If Barack Obama had been president in 2002, he says he would have stayed out of Iraq and pursued al Qaeda in Afghanistan. But that simple "war of necessity" is now morphing into the biggest foreign policy headache of our time, a Hydra of impossible choices in Pakistan, the whole Middle East and beyond.
Even as Hamid Karzai agrees to an election runoff with who-knows-what prospects of national unity in Kabul, the perception of a growing gulf between the American military and the White House stirs echoes of the 1964 movie, "Seven Days in May," a what-if about a conspiracy to unseat a President led by the head of the Joint Chiefs who considers him too soft on America's enemies.

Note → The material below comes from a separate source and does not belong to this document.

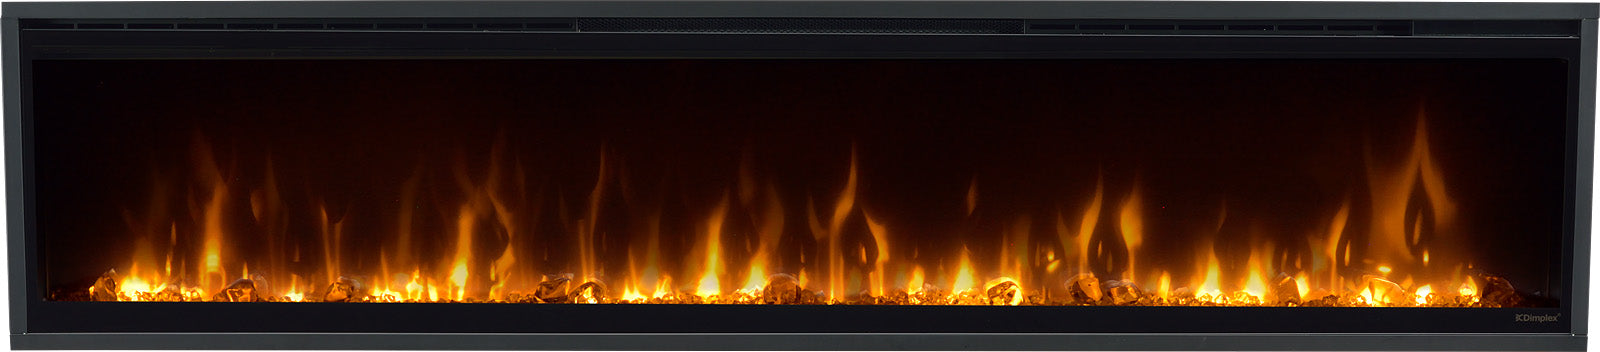 Ignite XL 74 - Electric fireplace insert

In today's 24/7 media world, politicking against a President can be done openly, not so much by active-duty generals, as in the movie, but by retired military talking heads like Gen. Anthony Zinni on cable news networks abetted by scare headlines online and elsewhere.
("Pentagon Chief: Obama Afghan Decision Can't Wait" screams Drudge yesterday linking to a Reuters report quoting Defense Secretary Gates as saying something quite different--that the President's strategy won't depend simply on the election: "I see this as a process, not something that's going to happen all of the sudden...the president will have to make his decisions in the context of that evolutionary process.")
Ever since the leak a month ago of Gen. McChrystal's report recommending 40,000 more troops, the media narrative has been a vacillating President, egged on by Joe Biden vs. hard-headed Pentagon honchos who are gung-ho to root out terrorists in Afghanistan, a parody of the complicated debate now going on in the White House.
Such oversimplification of what we face in the Middle East is a slow-motion "Seven Days in May," an undermining of the elected Commander-in-Chief that was dramatized as unthinkable in the last century. It shouldn't be thinkable now.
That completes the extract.